Quando a brancura é usada para decretar violência No entanto, tanto quanto a brancura permite o poder, também alimenta a ansiedade. Como a categoria é ao mesmo tempo mal definida, mas também confere grande poder, as pessoas que se encontram nessa categoria têm constantemente se esforçado para protegê-la. Historicamente, e ainda hoje, na mente de muitos daqueles que mais se beneficiam dela, a brancura deve ser mantida "pura".
Assim, as autoridades coloniais do Império Britânico tratavam os colonos brancos como cidadãos com direitos, mas os indígenas e os escravizados como ameaças a serem reprimidas e controladas.
Durante séculos, universidades e escolas em toda a Europa formalizaram a noção de supremacia branca por meio da produção e disseminação de conhecimento. O botânico sueco Carl Linnaeus ensinou que todo ser vivo pode ser categorizado e classificado em tipos. O naturalista alemão Johann Friedrich Blumenbach afirmou que os seres humanos foram divididos em cinco raças "científicas" com base na forma do crânio com o crânio "caucasiano" descrito como "o mais bonito e atraente".
Na Índia, no auge do racismo científico, os cientistas coloniais argumentavam que etnia e casta eram atributos físicos, atribuindo status hierárquico e privilegiando a proximidade com a branquitude. E à medida que o racismo científico se tornou dominante, a branquitude foi naturalizada e enquadrada como "senso comum" por gerações de estudantes.
Ainda mais sinistros eram os programas políticos e sociais que a branquitude justificava:eugenia, esterilização forçada e genocídio. No século 20, as ciências humanas e sociais também foram agentes da supremacia branca. A sociologia procurou explicar a modernidade universalizando as experiências das sociedades europeias e norte-americanas, ao mesmo tempo que retratava as sociedades africanas e asiáticas como "primitivas" ou as escrevia fora da história.

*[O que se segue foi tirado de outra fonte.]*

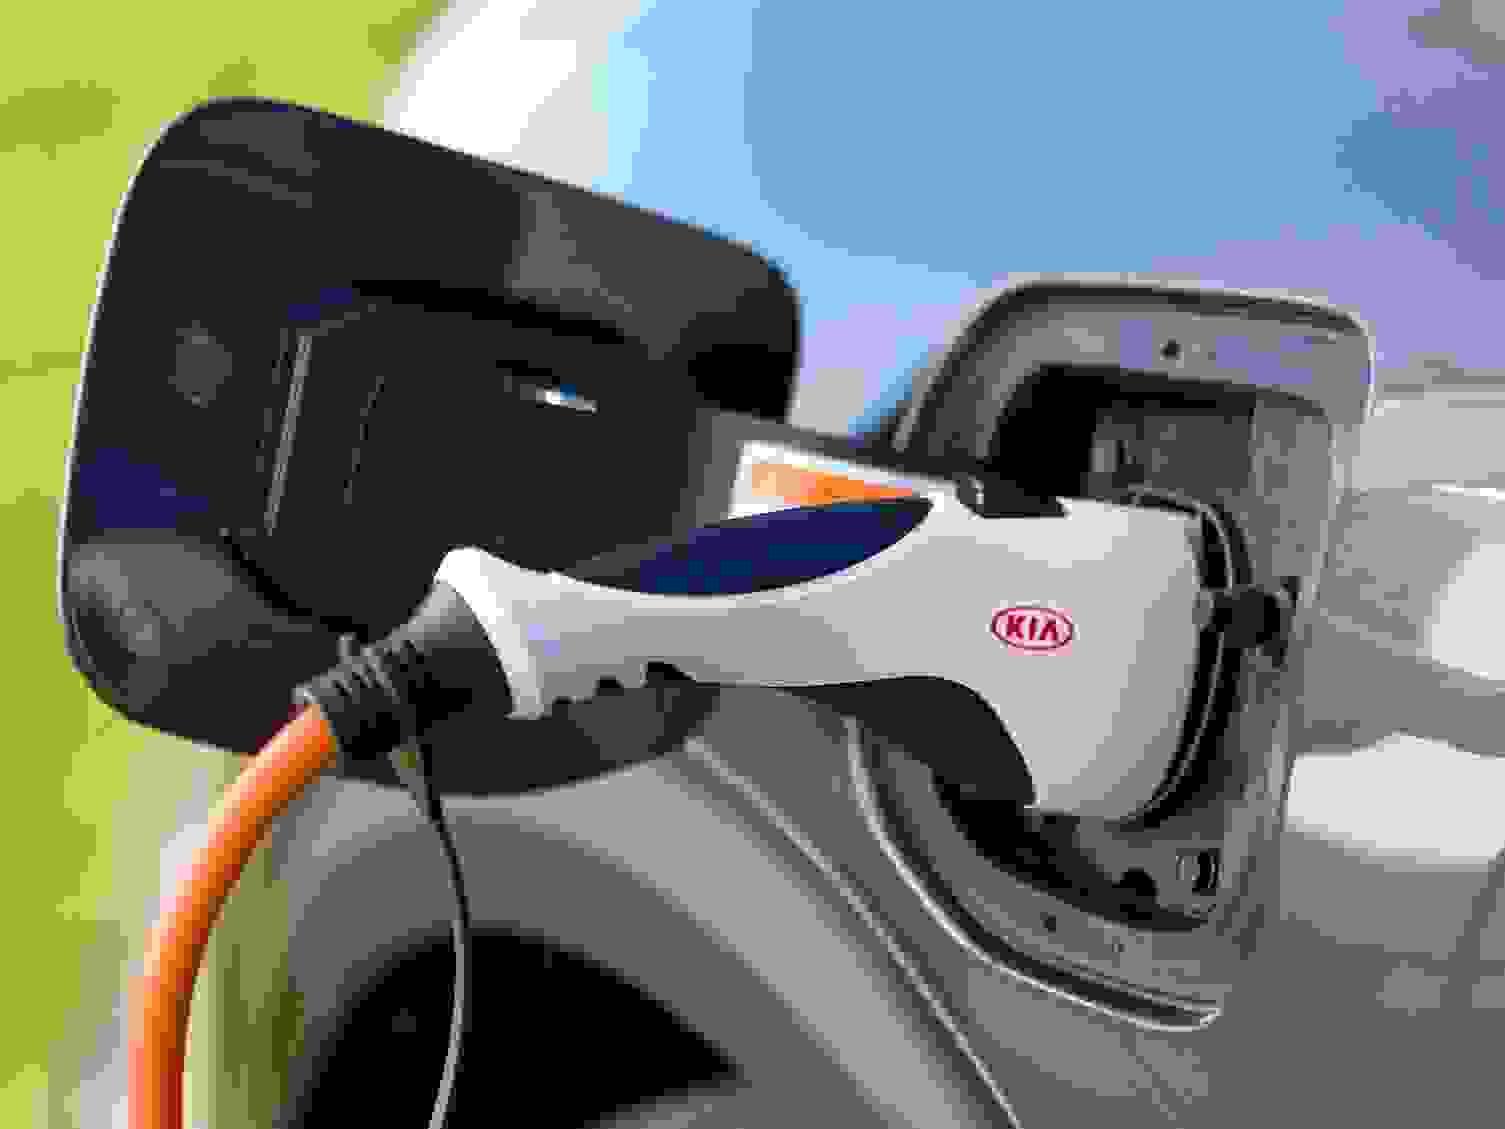 Kia Niro 2018 Eksterior Ladekabel Plug In Hybrid Elektrisk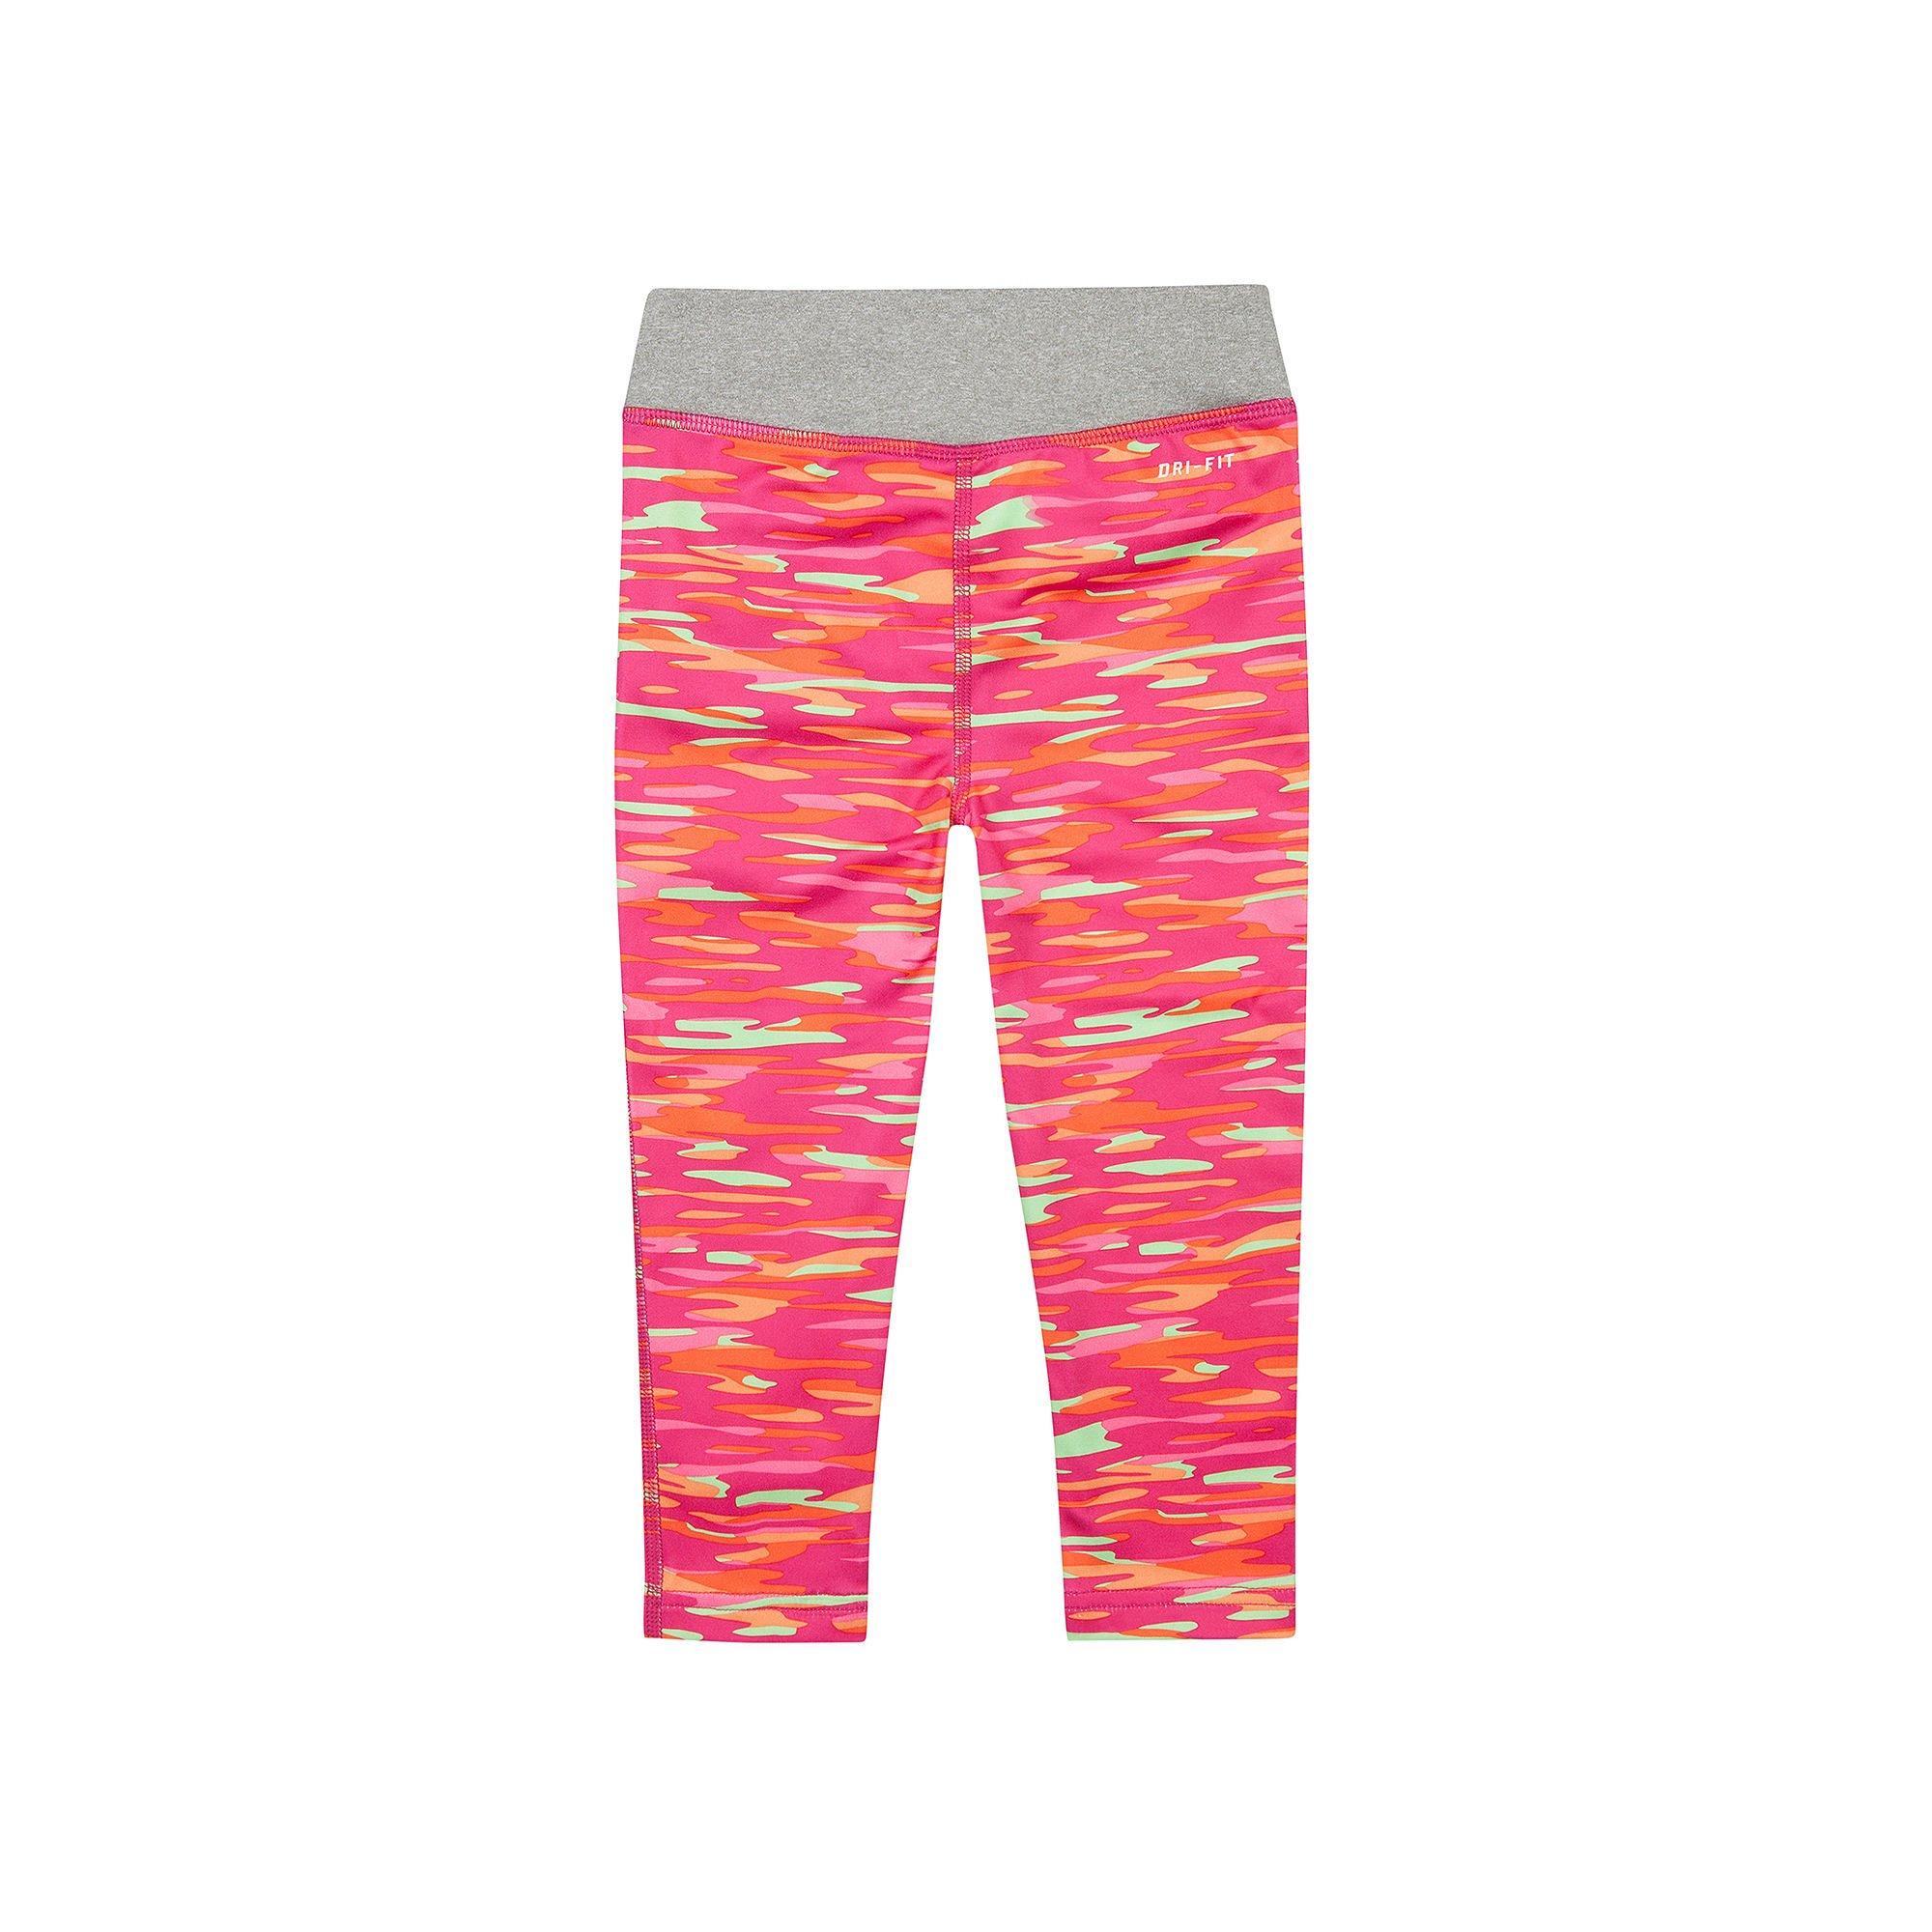 dc3bacc78060ff Galleon - Nike Little Girls' (4-6X) Dri-Fit Skinny Fit Leggings-Pink/Orange/Heather  Grey-4

Este último ponto é crucial. Pessoas brancas e instituições brancas há muito centram suas experiências, imaginando-as como universais. A universalização de suas experiências, por sua vez, permitiu que os brancos falassem de si mesmos como indivíduos, não marcados por raça e racismo.
Isso contrasta com a maneira pela qual as pessoas não brancas e negras são coletivamente diferentes e racializadas. E continua a ter consequências diárias tangíveis e muitas vezes terríveis.
Universidades e escolas impõem currículos centrados em brancos e políticas uniformes que discriminam alunos negros. Os oficiais superpoliciam as comunidades negras em nome da lei e da ordem. As autoridades adulteram as crianças negras, o que as leva a serem tratadas como criminosas.
Em cada caso, a branquitude encena a violência sem ser falada. Ao relembrar a história da brancura, no entanto, podemos começar a abordar os legados do império e da escravidão.
+ Explorar mais A branquitude está no cerne do racismo na Grã-Bretanha, então por que é retratada como um problema negro?
Este artigo é republicado de The Conversation sob uma licença Creative Commons. Leia o artigo original.